The convention promises to be one of the largest such events ever to come to Salt Lake, Steve Lundgren, general manager of the Salt Lake City Marriott Downtown hotel and part of the executive committee of the Salt Lake Convention and Visitors Bureau, said Tuesday.

The worldwide organization was planning to conduct a convention in Salt Lake in 2011, but decided to swap dates with New Orleans to give that city time to rebuild its convention industry, said Eugene Banks, committee chairman for the 2007 convention.

The gathering is expected to attract 25,000 members and their families to Salt Lake from 166 countries, said Banks, who compared it to a "mini-United Nations conference because of the view of the world it offers."

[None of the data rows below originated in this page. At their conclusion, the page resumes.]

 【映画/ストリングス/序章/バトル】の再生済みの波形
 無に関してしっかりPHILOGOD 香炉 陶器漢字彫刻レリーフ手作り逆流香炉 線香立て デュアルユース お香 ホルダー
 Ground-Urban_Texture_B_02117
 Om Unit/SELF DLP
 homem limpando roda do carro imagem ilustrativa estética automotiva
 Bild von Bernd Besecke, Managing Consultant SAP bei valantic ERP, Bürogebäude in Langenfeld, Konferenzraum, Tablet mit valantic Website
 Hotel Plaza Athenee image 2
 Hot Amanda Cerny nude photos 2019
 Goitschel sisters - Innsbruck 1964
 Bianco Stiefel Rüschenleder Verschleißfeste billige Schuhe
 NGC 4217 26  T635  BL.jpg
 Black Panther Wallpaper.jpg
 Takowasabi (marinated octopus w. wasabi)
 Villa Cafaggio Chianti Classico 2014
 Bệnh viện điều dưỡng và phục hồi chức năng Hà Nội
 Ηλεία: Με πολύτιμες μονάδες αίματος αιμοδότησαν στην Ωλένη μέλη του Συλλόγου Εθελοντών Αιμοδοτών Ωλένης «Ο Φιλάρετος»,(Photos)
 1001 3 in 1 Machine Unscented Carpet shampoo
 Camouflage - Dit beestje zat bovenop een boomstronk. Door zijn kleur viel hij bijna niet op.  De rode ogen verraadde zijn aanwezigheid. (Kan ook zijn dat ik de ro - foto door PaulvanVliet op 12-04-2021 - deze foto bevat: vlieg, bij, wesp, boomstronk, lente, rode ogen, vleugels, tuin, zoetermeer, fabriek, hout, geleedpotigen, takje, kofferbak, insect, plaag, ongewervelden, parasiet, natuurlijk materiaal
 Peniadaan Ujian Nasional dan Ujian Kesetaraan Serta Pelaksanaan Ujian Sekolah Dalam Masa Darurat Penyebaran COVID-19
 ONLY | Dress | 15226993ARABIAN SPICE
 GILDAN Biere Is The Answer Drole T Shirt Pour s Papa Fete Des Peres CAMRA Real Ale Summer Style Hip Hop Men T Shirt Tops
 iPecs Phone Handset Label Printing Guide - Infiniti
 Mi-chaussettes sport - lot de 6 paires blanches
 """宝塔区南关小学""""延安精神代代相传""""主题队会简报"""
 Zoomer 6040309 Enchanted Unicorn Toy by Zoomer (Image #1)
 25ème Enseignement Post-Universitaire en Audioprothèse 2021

Utah Rotarians had wanted Salt Lake to be the site of the convention in 2011 because it would occur simultaneously with the 100th anniversary of the local club.

But after weighing the scope of devastation in New Orleans, Salt Lake Rotarians decided "if we can be of service, we'd be happy to host it in 2007," Banks said. As many as 2,000 local members will take part in the planning.

Banks said the change wasn't easy to accept but needed to be made for the benefit of the entire 1.2 million member organization. It will give New Orleans members time to rebuild their lives and businesses before taking on the task of planning and playing host to the convention, he said.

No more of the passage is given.